To bridge the gap between low-power logic and high-power actuation, you must use a motor driver IC. This guide details the modern, efficient approach to wiring an Arduino to motor drivers in 2026, focusing on MOSFET-based architectures that have largely replaced older, inefficient bipolar junction transistor (BJT) designs.

Choosing the Right Motor Driver (2026 Hardware Matrix)

For years, the L298N was the default choice for beginners. However, its BJT-based H-bridge design results in a massive voltage drop (up to 2V) and significant heat generation. Today, MOSFET-based drivers offer superior efficiency, compact footprints, and better thermal performance. Below is a comparison of the most reliable drivers for Arduino-to-motor projects.

Driver IC Topology Continuous Current Peak Current Voltage Drop 2026 Avg. Price
TB6612FNG MOSFET 1.2A per channel 3.2A (single) ~0.5V $5.00 - $7.00
DRV8833 MOSFET 1.5A per channel 2.0A ~0.4V $3.50 - $5.00
L298N BJT 2.0A per channel 3.0A ~1.5V - 2.0V $2.50 - $4.00
BTS7960 MOSFET (High Power) 27A per channel 43A ~0.1V $12.00 - $18.00

For standard 3V to 12V robotic platforms, the TB6612FNG Dual Motor Driver Carrier remains the gold standard for hobbyists and prototypers. It handles PWM frequencies up to 100kHz efficiently and requires minimal external components.

Step-by-Step Wiring: Arduino to TB6612FNG Motor Driver

When wiring your Arduino to the TB6612FNG, you must manage two separate power domains: the logic voltage (VCC) and the motor voltage (VM). Mixing these up is a common cause of dead driver boards.

1. Logic and Power Connections

  • VCC: Connect to the Arduino's 5V pin.
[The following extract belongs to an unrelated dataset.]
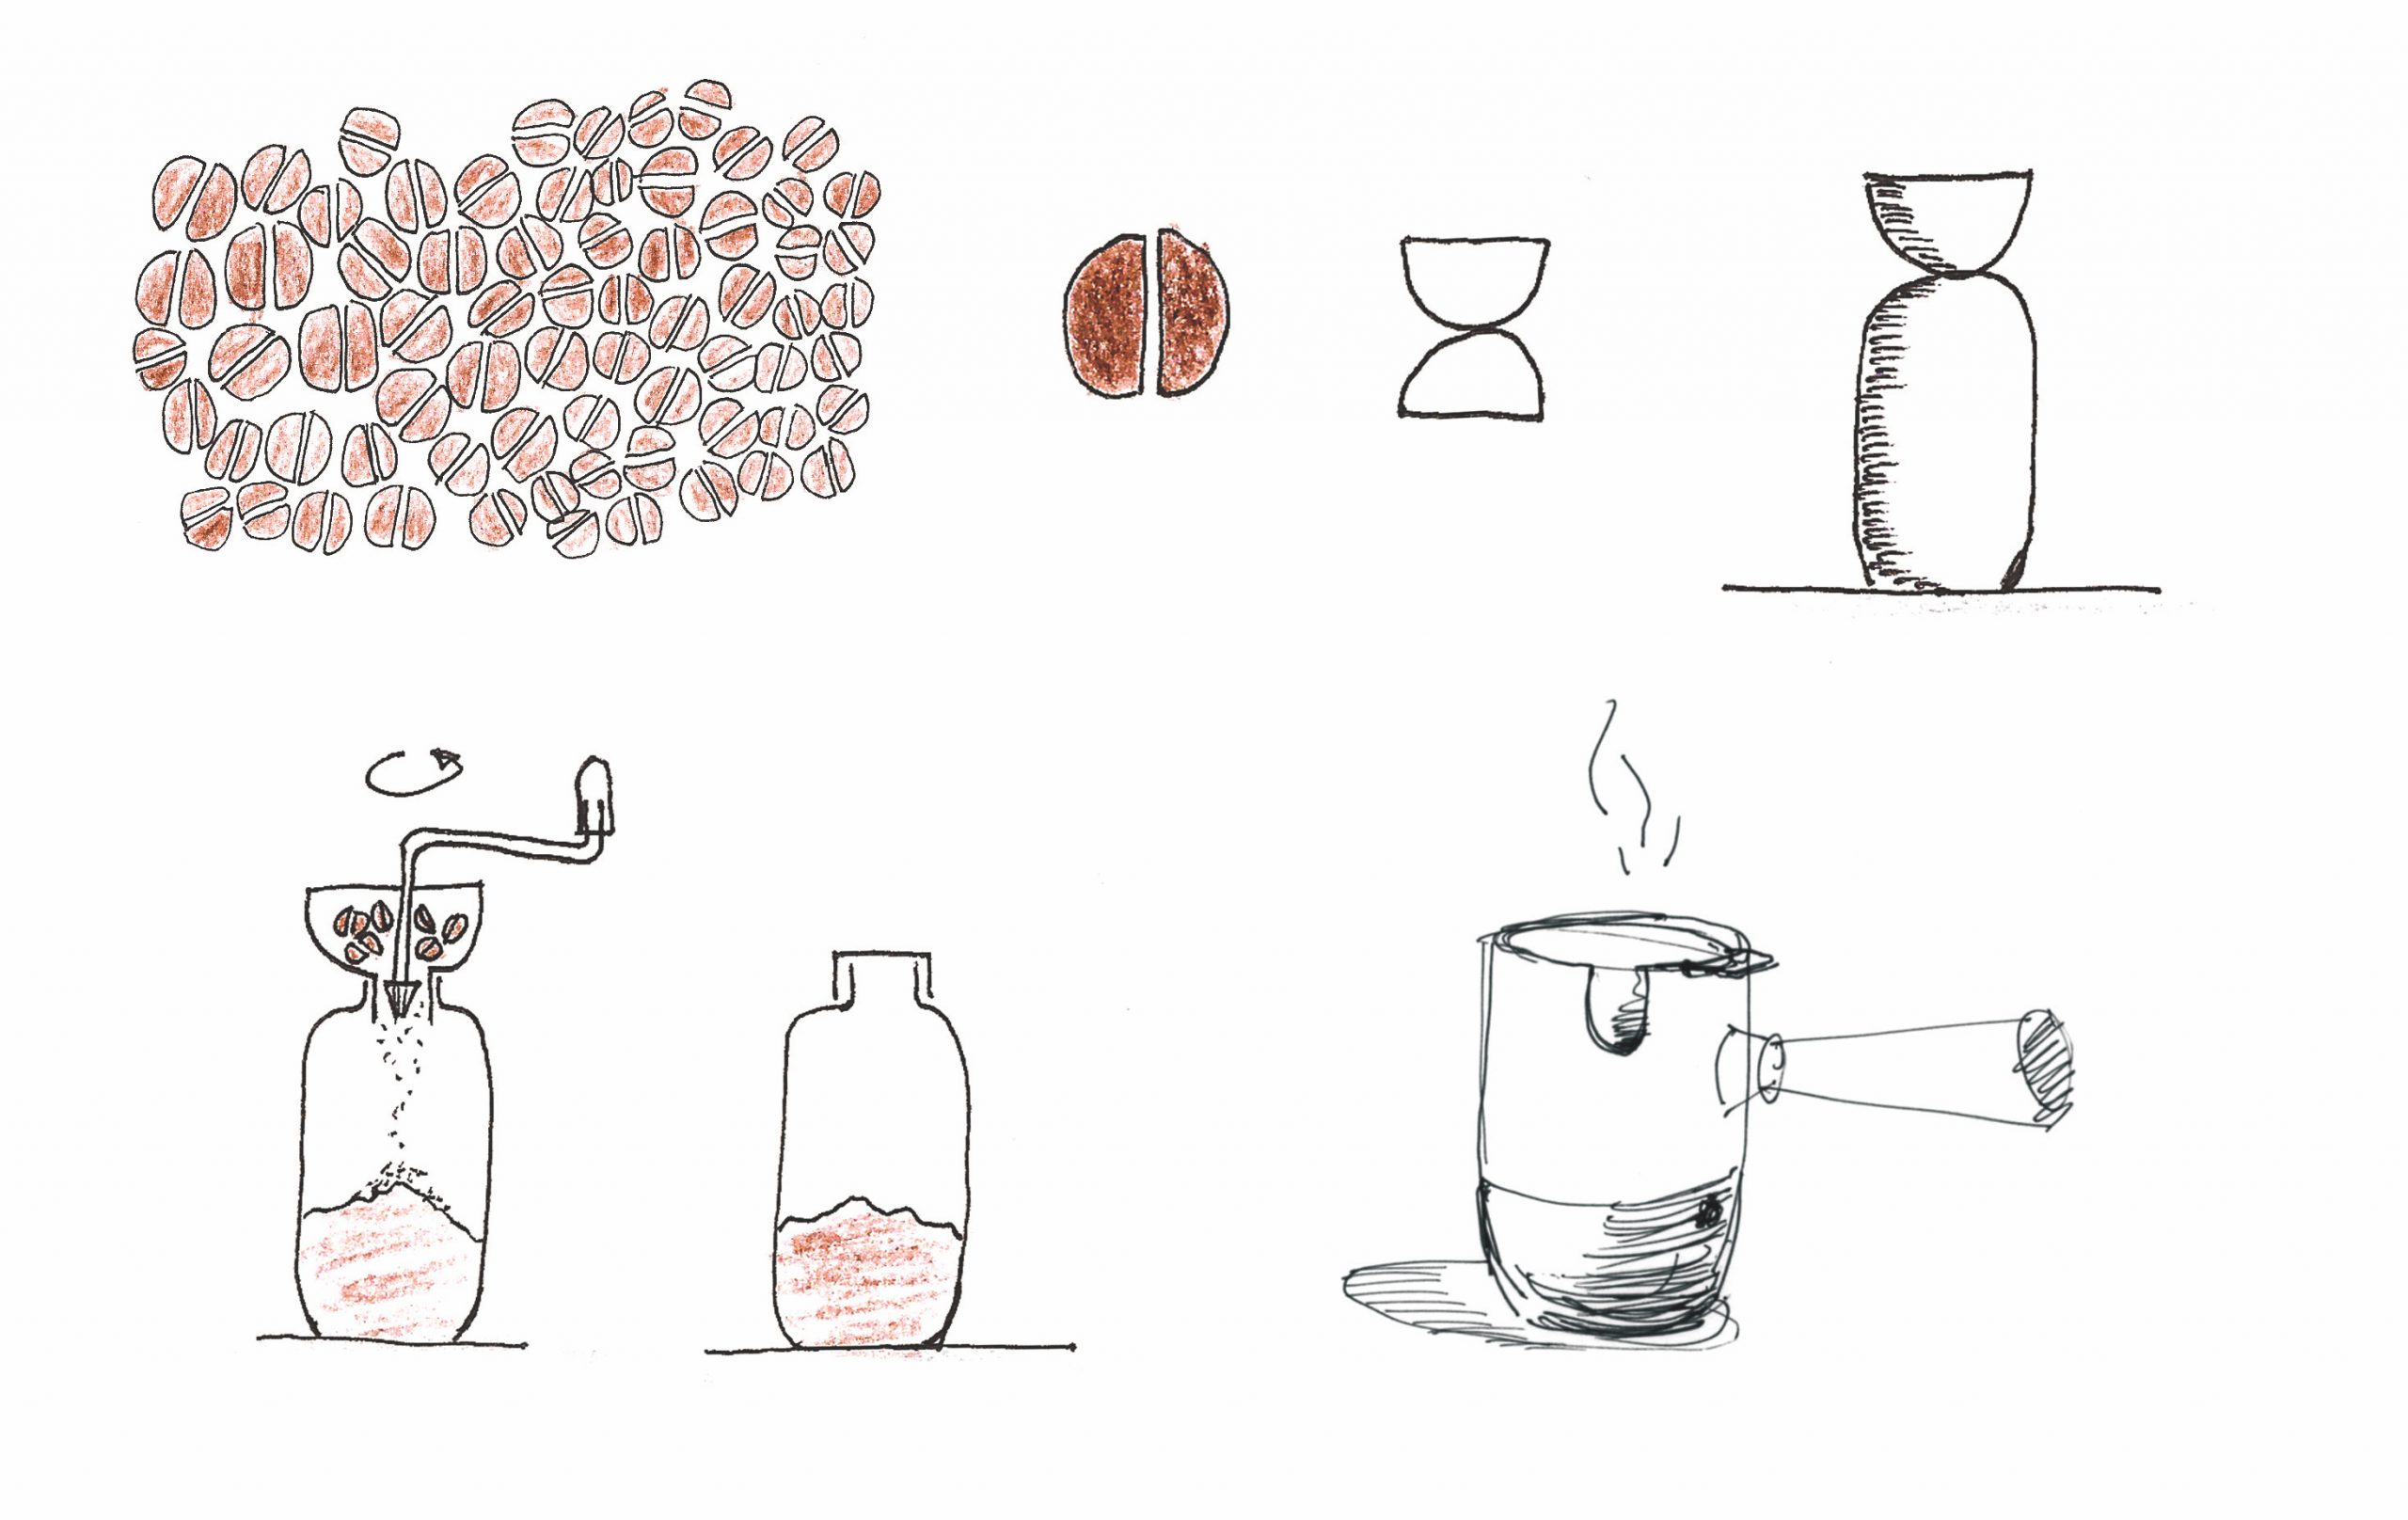 Process sketch of Collar coffee set by Debiasi Sandri for Stelton

This powers the internal logic of the driver IC.
  • VM: Connect to your external motor power supply positive terminal (e.g., a 6V or 12V battery pack).
  • GND: Crucial step—connect the driver's GND pin to BOTH the Arduino GND and the external power supply GND. A shared ground reference is mandatory for the PWM signals to be read correctly.
  • STBY (Standby): Connect directly to the Arduino 5V pin. Pulling this HIGH enables the driver; leaving it floating or LOW puts the IC to sleep.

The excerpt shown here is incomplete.